Saturday, October 09, 2004

Freaky Friday 

The AL switched places yesterday.  Up until the 7th inning, Game 3 of the Anaheim-Boston series looked like it was going to continue along its Boston Conquers All path.  And then, with one swing of the bat, Vlad changed it.  You could hear the silence even out here in Arizona.  (Well, not really, but you know what I mean.)  All of a sudden, it was that series had swapped bodies with the other series.  That is, until Mike Scioscia swapped bodies with... Bob Brenly and Francona.  It's one thing to bring in a starting pitcher to pitch in relief as Brenly did in Game 7 in 2001 (Randy Johnson, top of the 9th) or Francona did with Lowe in the top half of the 10th.  It's another to bring a starting pitcher to pitch in relief in the middle of an inning.  One pitch, boom, a David Ortiz shot off Washburn and Boston has to be the favorite against whichever team it faces... One cool thing about listening to the game on the radio -- it was easy to hear the Boston fans going absolutely nuts for, what, about 10 minutes?  On TV, the sound probably wouldn't have been so pronounced, and they'd've broken away for commercial.
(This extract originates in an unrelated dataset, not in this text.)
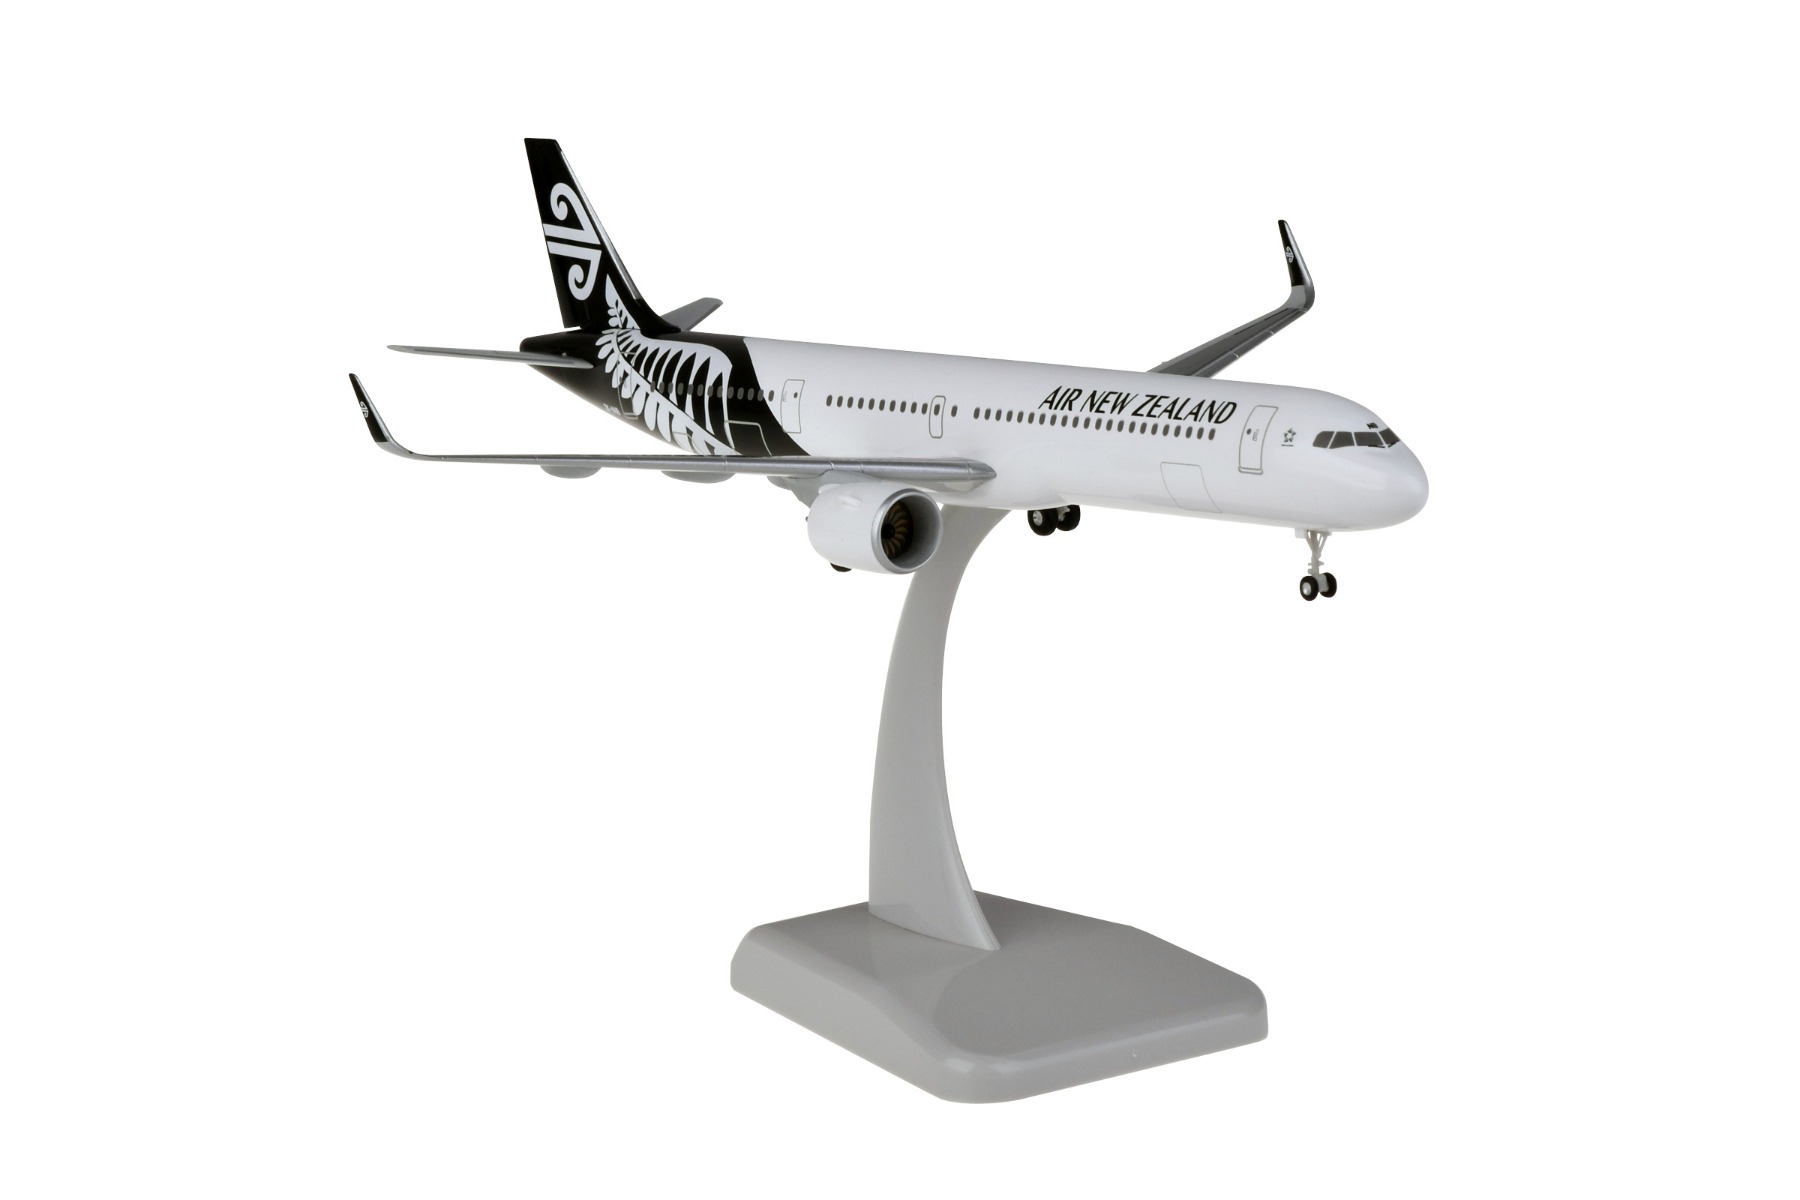 The company model airbus a321 neo scale 1:200 model airplane collection

Completing the swapped bodies theme, the New York-Minnesota series took a turn for the uncompetitive as, unfortunately for us Twins fans, Kevin Brown decided to pitch like the Kevin Brown of old, and the Twins played like, well, the Diamondbacks.  Another blowout (at least the losing team scored 4 runs instead of three).  C'mon, Johan, send this one back to the Bronx.

I suppose it doesn't matter so much if the Yankees go on to win -- there's not an ace on that staff, but even if Minnesota wins now, their rotation's so messed up heading into the next series that Boston would have to be a huge favorite, with 3 starts from Schilling if necessary.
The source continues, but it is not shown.